The march forward to prepare children to meet future challenges began during the Clinton administration with the introduction of the National Education Technology Plan. That concept trickled onward to the state and local levels, where it appears to be taking root.
In Camp Verde schools for instance, technology has seen a rapid advancement over the past two years. Thanks to the Students' First grant, the same funding source that helped pay for the new elementary school, computer labs are now in each school.
In the elementary school, 28 computers are used to teach and for doing research, says Gary Lagoy from the Camp Verde Unified School District's Technology Department. There are now 26 computers used primarily as a teaching lab where the school provides a full-time computer teacher, Debbie Hough.
At the high school, there are 18 computers used as a "resource lab for the most part," said Lagoy
Claudia Wenholz, director of technology for the district, said that when she first arrived a few years ago after working as a telecommunications specialist for Boeing in California, the district was just starting to put in a "definity switch." The electronic switch allows for the installation of a telephone system that saves the district a lot of money and provides direct telephone access to each classroom.
The same grant that provided the definity switch also provided funding for the whole school's intranet and internet computer access, Lagoy said. Teachers can now do attendance directly on intranet using a program called "School Master." That data can then be quickly sent to the State of Arizona for its records. The Camp Verde District is also working on a program to post grades through the same application.
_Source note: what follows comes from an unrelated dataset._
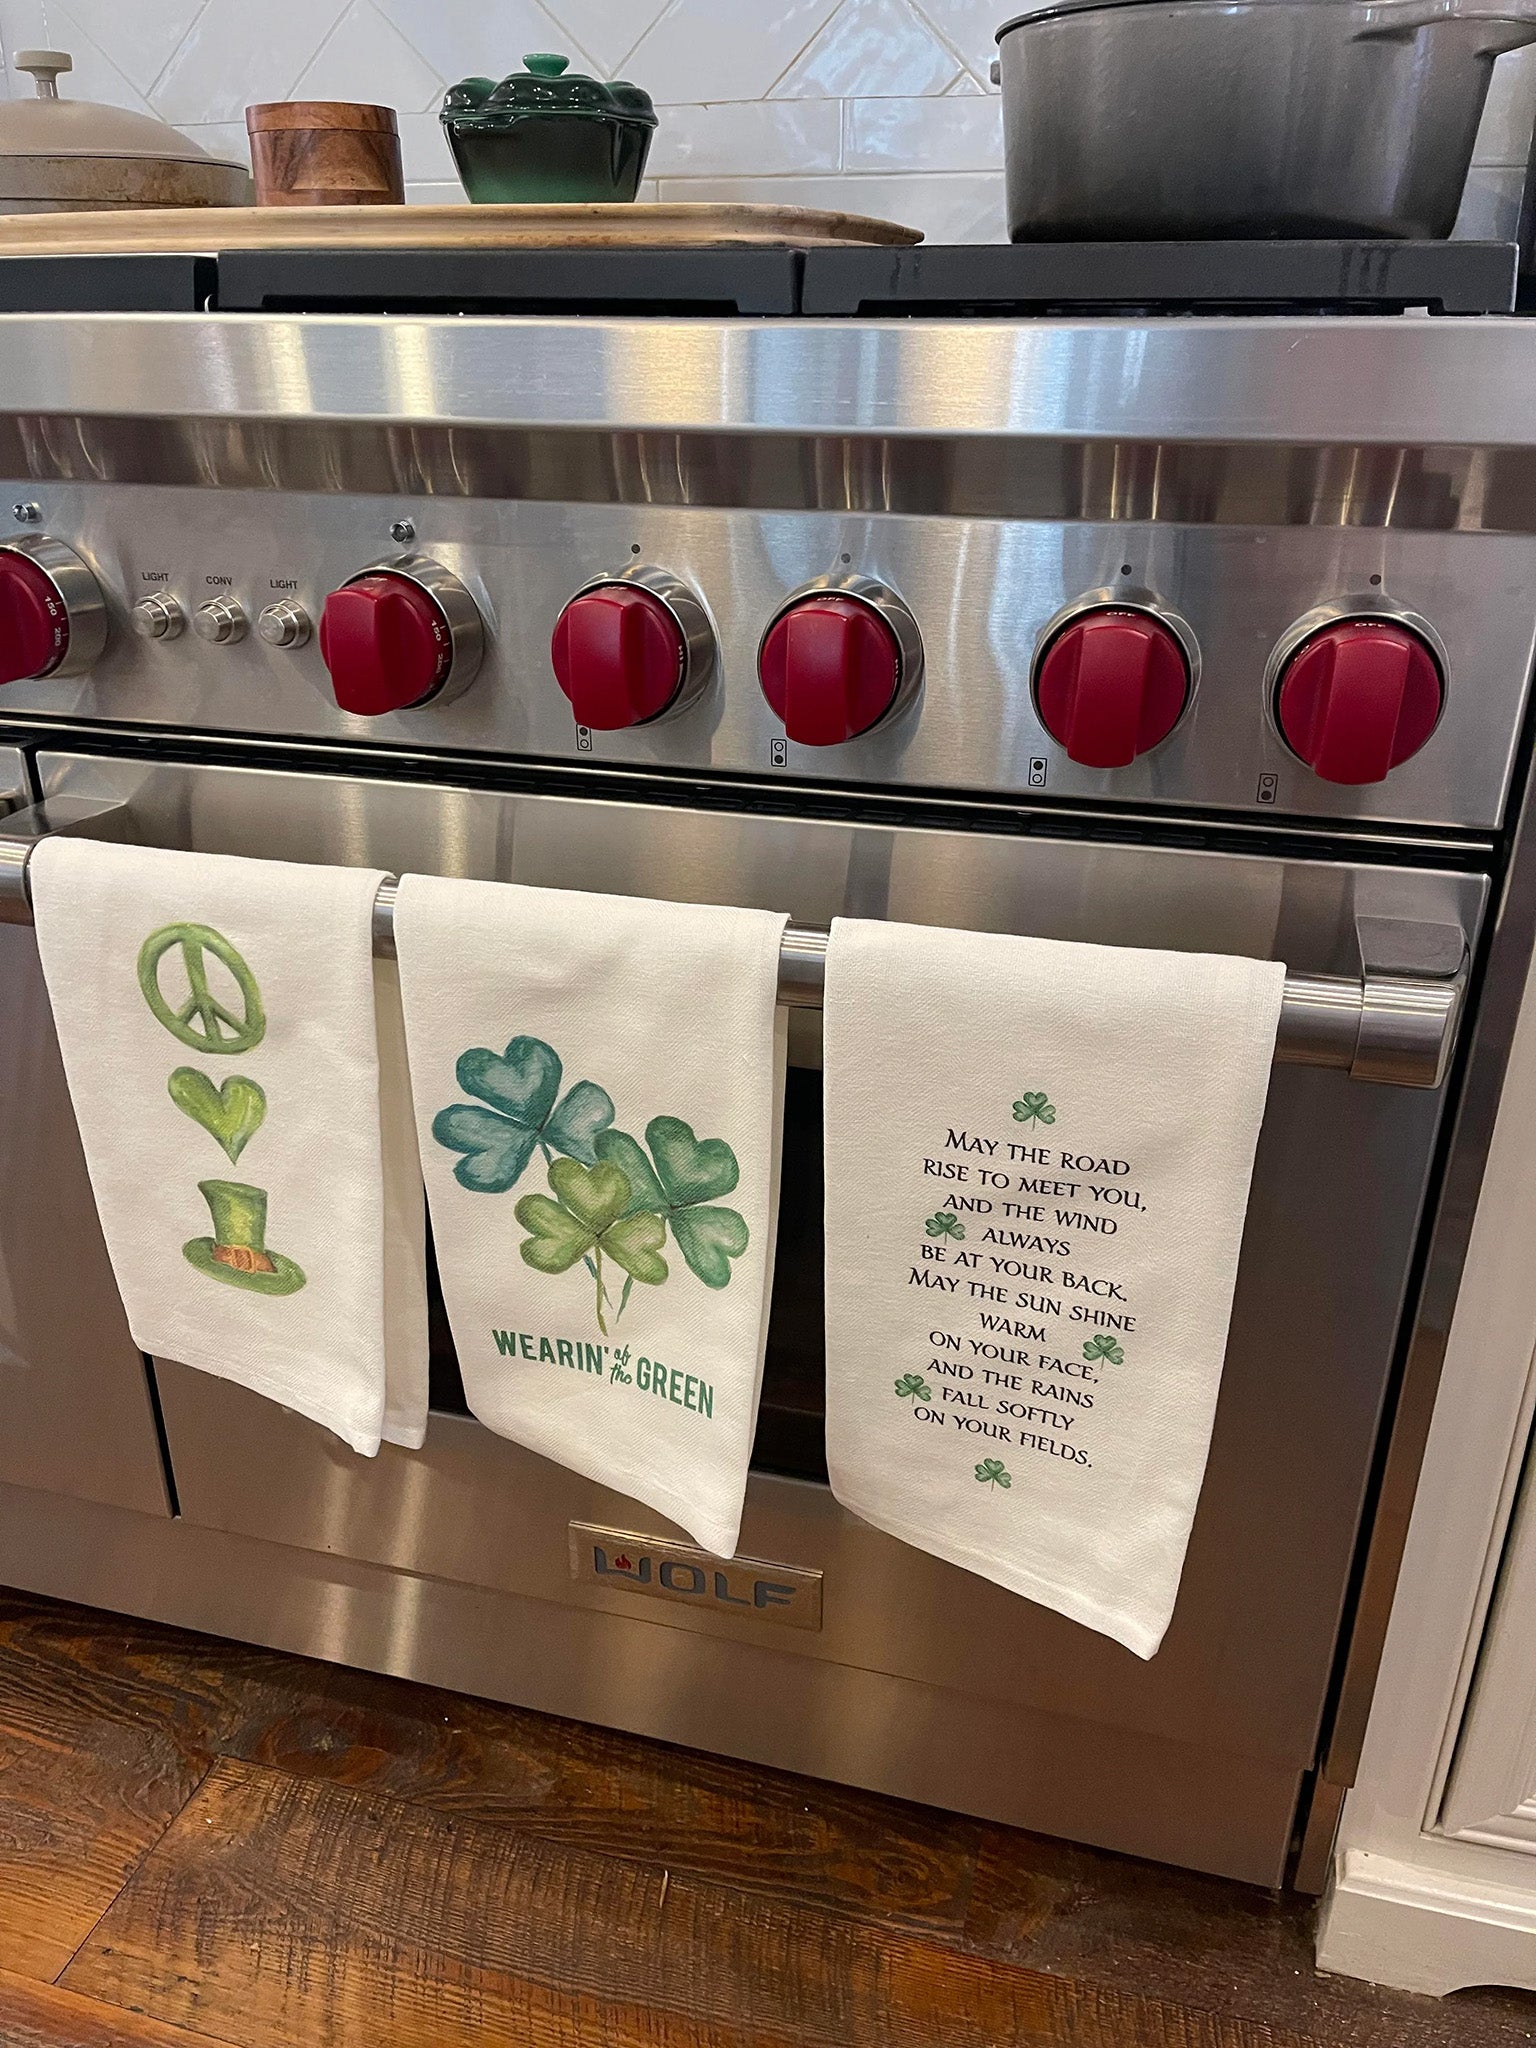 Three St. Patrick's Day kitchen Towels hanging in front of stove.

The eventual goal, Wenholz said, is to give parents direct access to their children's grades using a special password protection program. One of the biggest advantages right now with the advances, she said, is e-mail. E-mail provides an easy two-way conversation via the internet between parents and their children's teachers.
For the first time, district teachers are now beginning to incorporate internet activities with their curriculum. One of the most "exciting aspects is that children are now able to learn about computer technology at a "much earlier age.
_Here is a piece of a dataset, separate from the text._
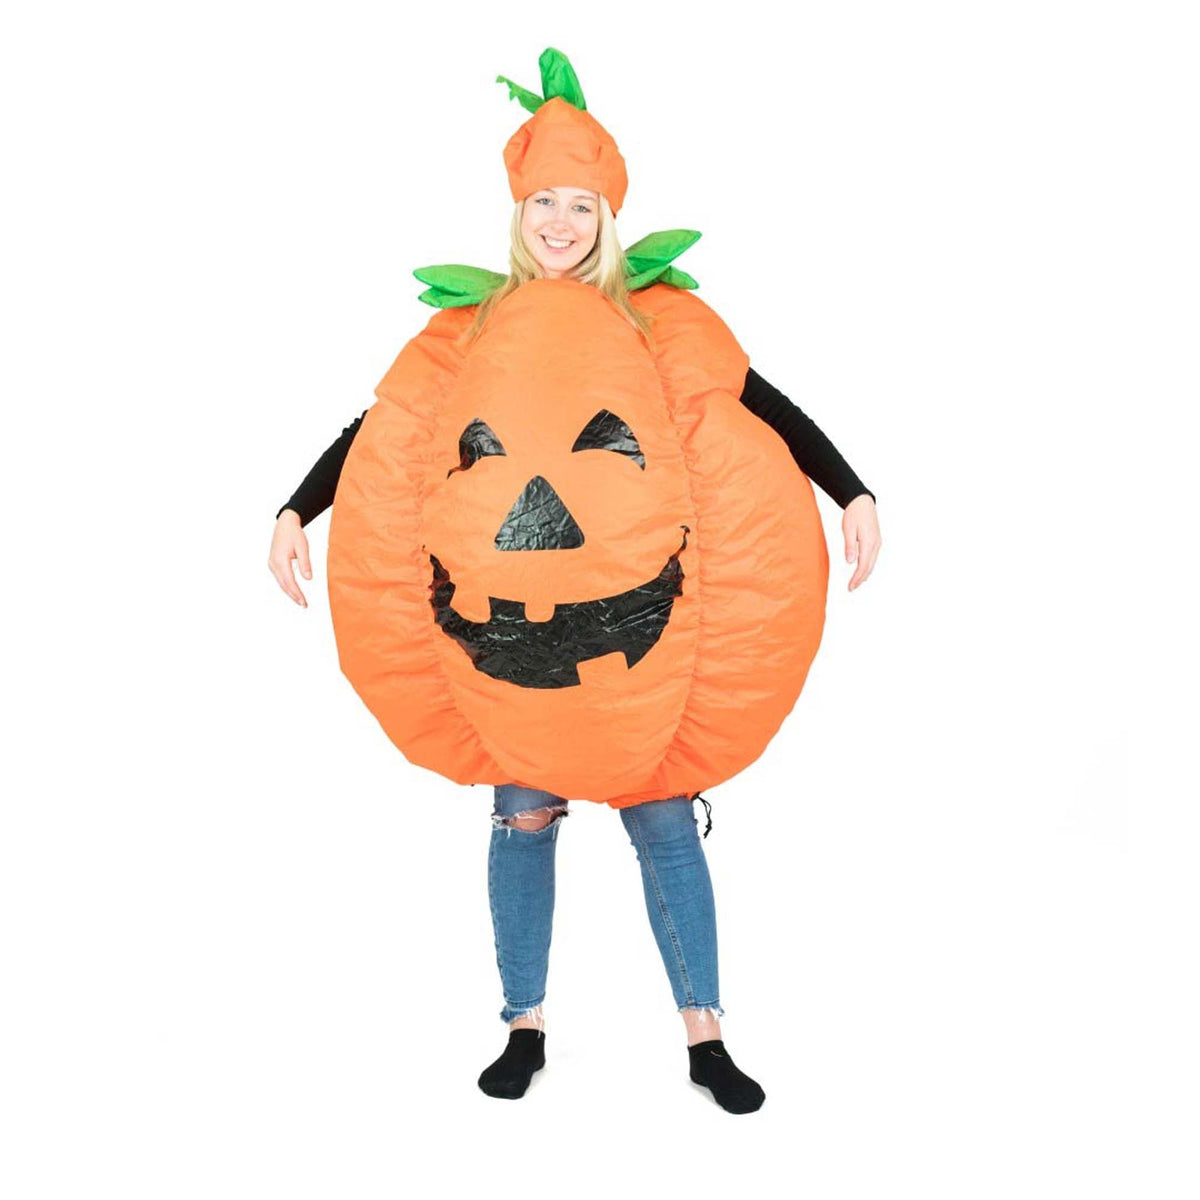 BODYSOCKS Costumes Inflatable Pumpkin Costume for Adults

" Children at the elementary school level are actually going into the computer lab as part of their classroom studies to learn how to use the keyboard through the Mavis application and are instructed on programs such as Word, Power Point (for presentations, documents and art work) and the Internet. By the time, elementary school students enter middle school, they will know more about computer technology, than many adults, agrees Lagoy.
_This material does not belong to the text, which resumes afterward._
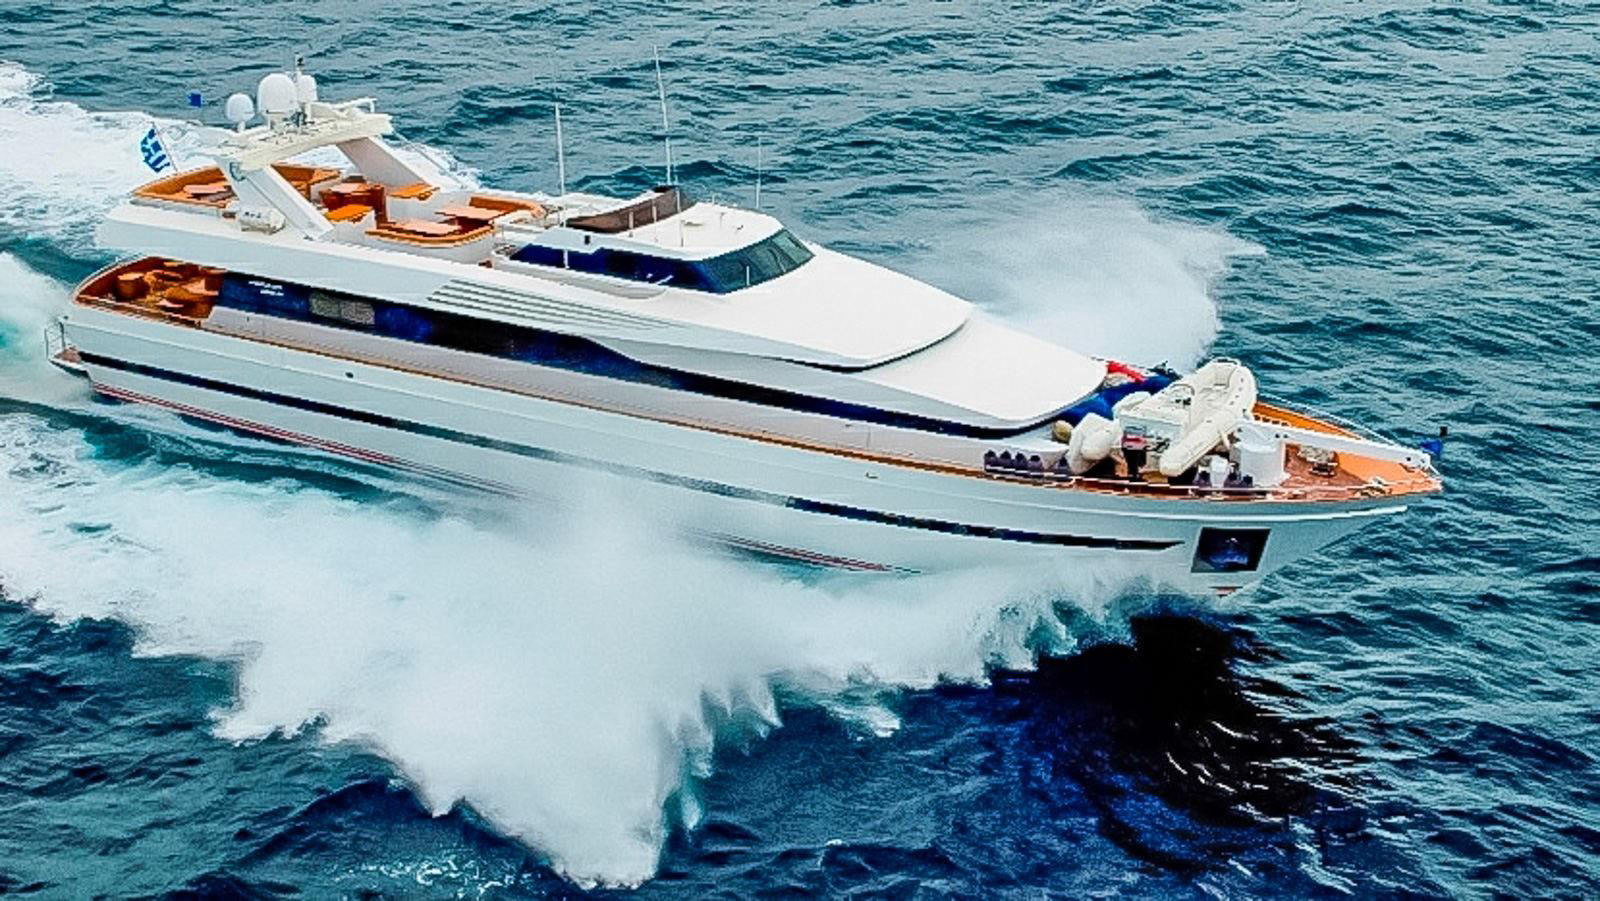 Make the Most of Your Private Yacht Rental Tour in Dubai

And there are more exciting advances coming, Wenholz said.
"We are currently working with School Facilities Board to access Application Service Providers (ASP), a contracted access to applications and files from the Internet. It will save the district and state money in accessing these applications," she said.
Under the current system, providers charge each district a license or user fee. By going through the state contracted ASP, there will be more than 200 software titles aligned to the Arizona state performance objectives available free to students to use at home and at school, Wenholz said.
This update was mandated by Arizona State School Facilities Board earlier this year and she expects the new mandated programming to begin sometime after Christmas.
The specialty server is designed to provide everything from information lockers to e-mail services, lesson plans, encyclopedias and even tutorials for both students and teachers. Individuals will only need a password to access options from anywhere including safe Internet access, a mandate of the Children's Internet Protection Act passed in December.
Unfortunately, new technology costs money.
Wenholz explained that there is currently no budget for the Technology Department. Whenever they need to purchase something not paid for by grants, Wenholz says she "puts it in a capital plan (we go with bare bones)." It then goes to the school superintendent, who takes the total budget to the board of directors for approval. Just last week they needed to purchase zip drives and discs for the special education teacher's reports.
At a cost of $300 apiece for 14 teachers totaling $4,200, they were only given enough funds to purchase six.
Even with tight budget concerns, Camp Verde appears to be in-line with today's technology movement.
According to the 2,000 U.S. Education Report, 67 percent of the schools nationally now have computer access in one or more classrooms; 53 percent of teachers with school-based e-mail addresses; and 5.8 students on the average for each instructional computer.